There are hundreds of book reviews on the Honest History site, but two of the most popular have been Diane Bell’s reviews of Tom Griffiths’ The Art of Time Travel: Historians and Their Craft and Clare Wright’s You Daughters of Freedom: The Australians Who Won the Vote and Inspired the World.
Bell said this of Griffiths:
Read this extraordinary work as a series of satisfying tributes to Australian women and men of account; enjoy the momentum; relish the finely-tuned ear for nurturing ideas as Griffiths brings us back to the home note: the past is prologue.
She said this of Wright:
You Daughters of Freedom is a Big Book about Big Ideas and I have only had the space to highlight a few in this review. There are many more protests, people, proclamations, resolutions, organisations and by-ways to be found in Clare Wright’s book. I urge you to read it; share it with your family, friends and colleagues; make sure your local library has multiple copies; ditto the local book store and newsagent; put it on the list for your reading group.
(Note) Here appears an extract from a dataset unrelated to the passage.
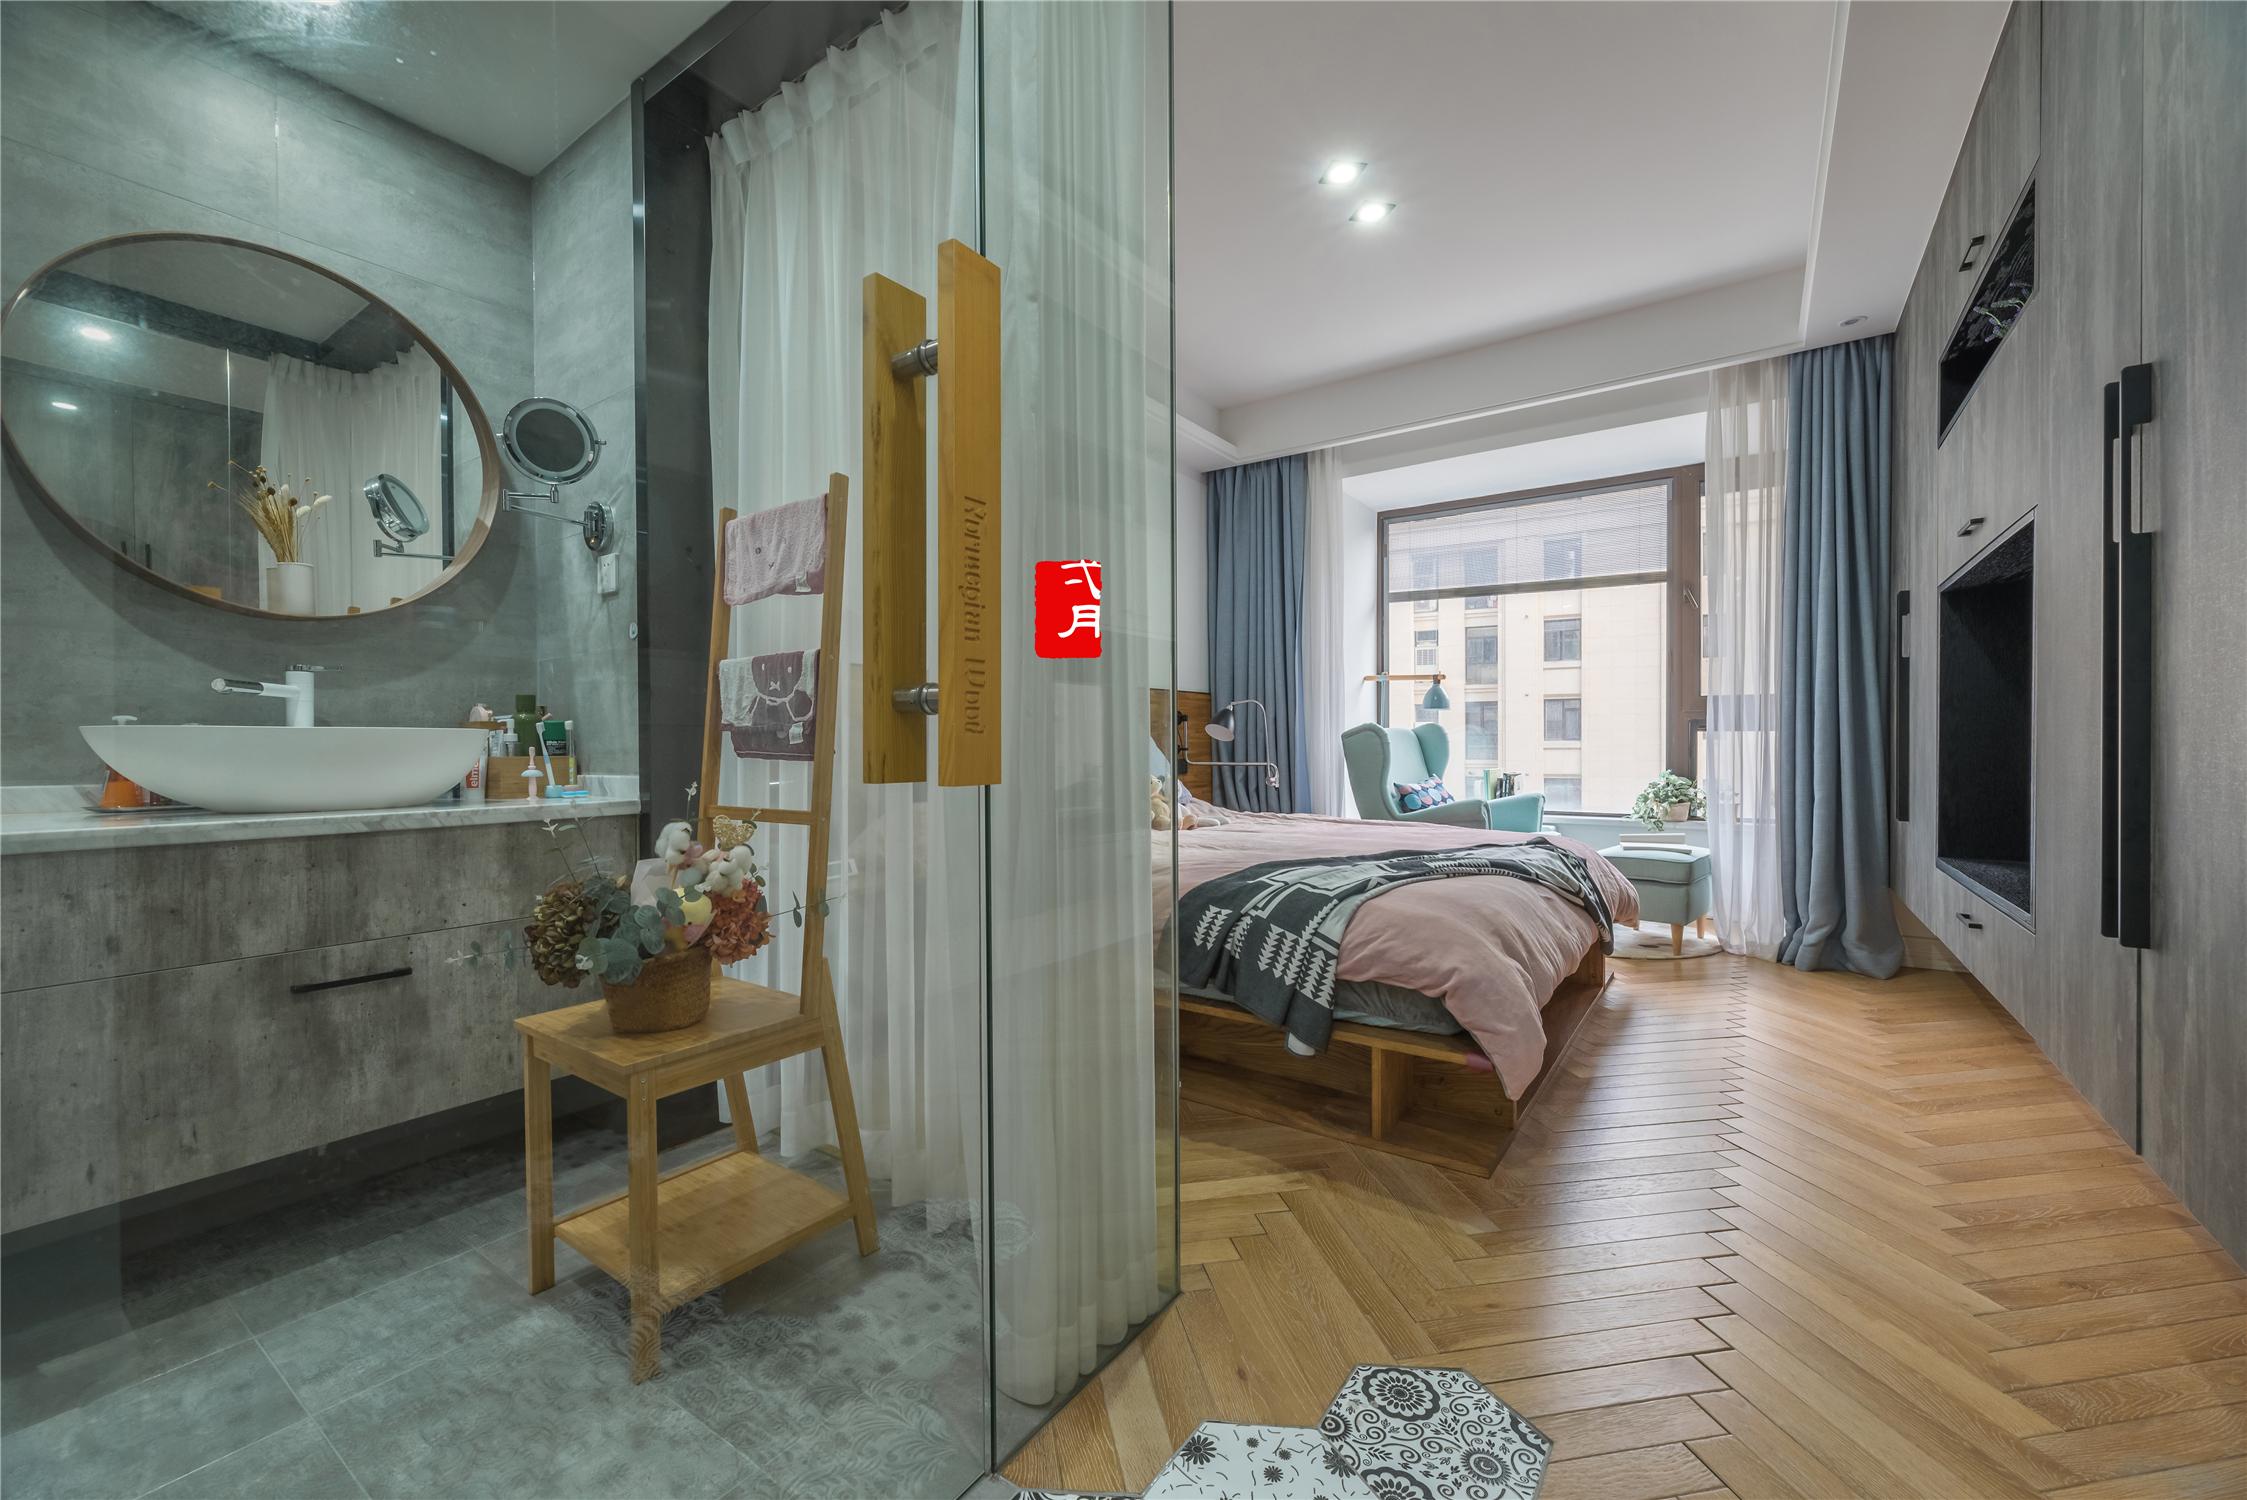 现代混搭风格三居卧室卫生间装修效果图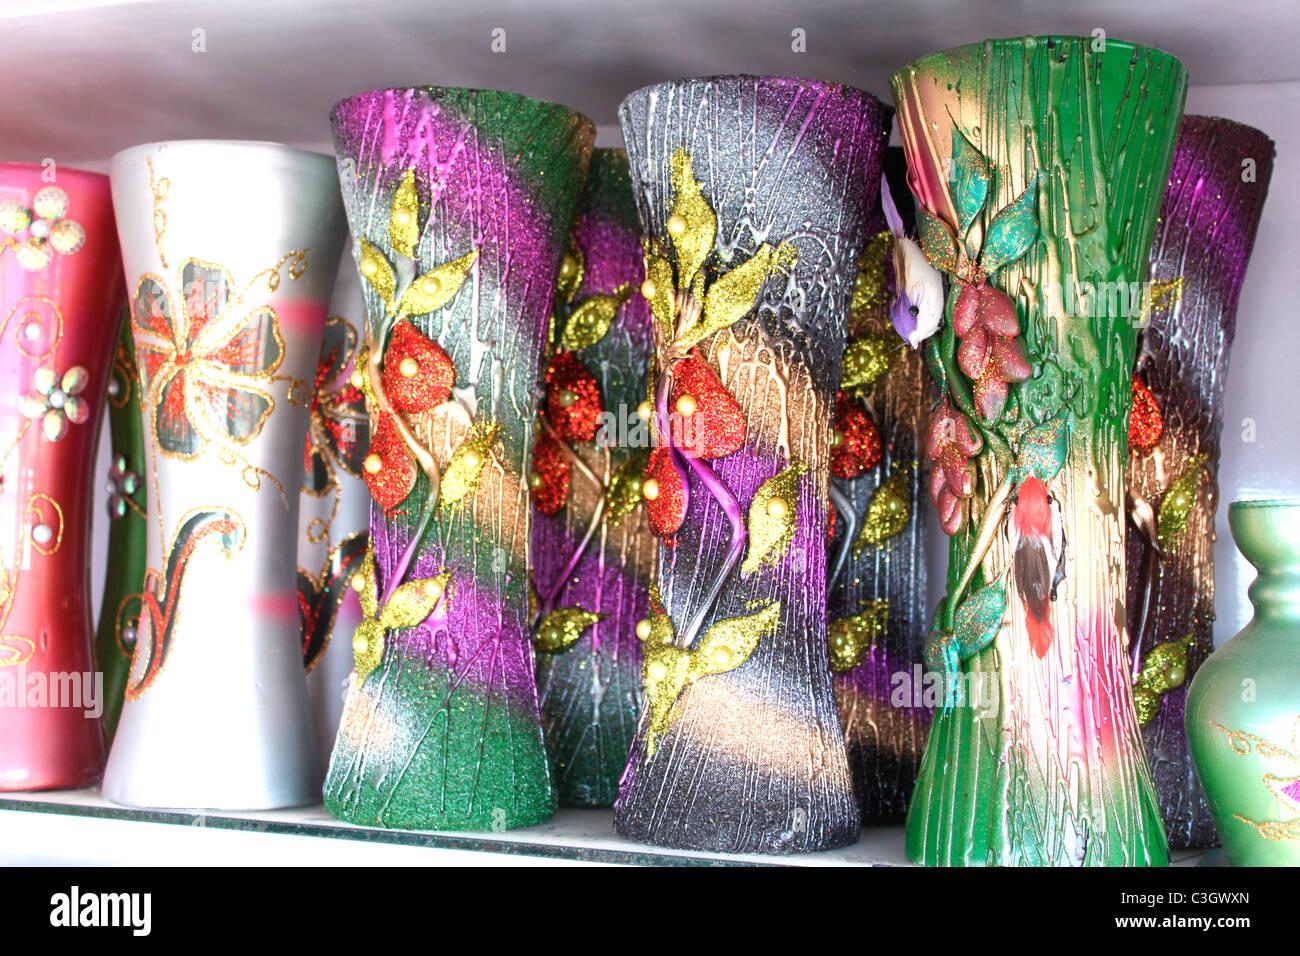 Flower vases - Stock Image

Emerita Professor Diane Bell is a distinguished anthropologist who has written a number of important books, including Daughters of the Dreaming, Generations: Grandmothers, Mothers and Daughters, Ngarrindjeri Wurruwarrin: A World That Is, Was and Will Be, Evil: a Novel, and Listen to Ngarrindjeri Women Speaking. Her most recent book review for Honest History was of Bruce Pascoe’s anthology, Salt: Selected Stories and Essays.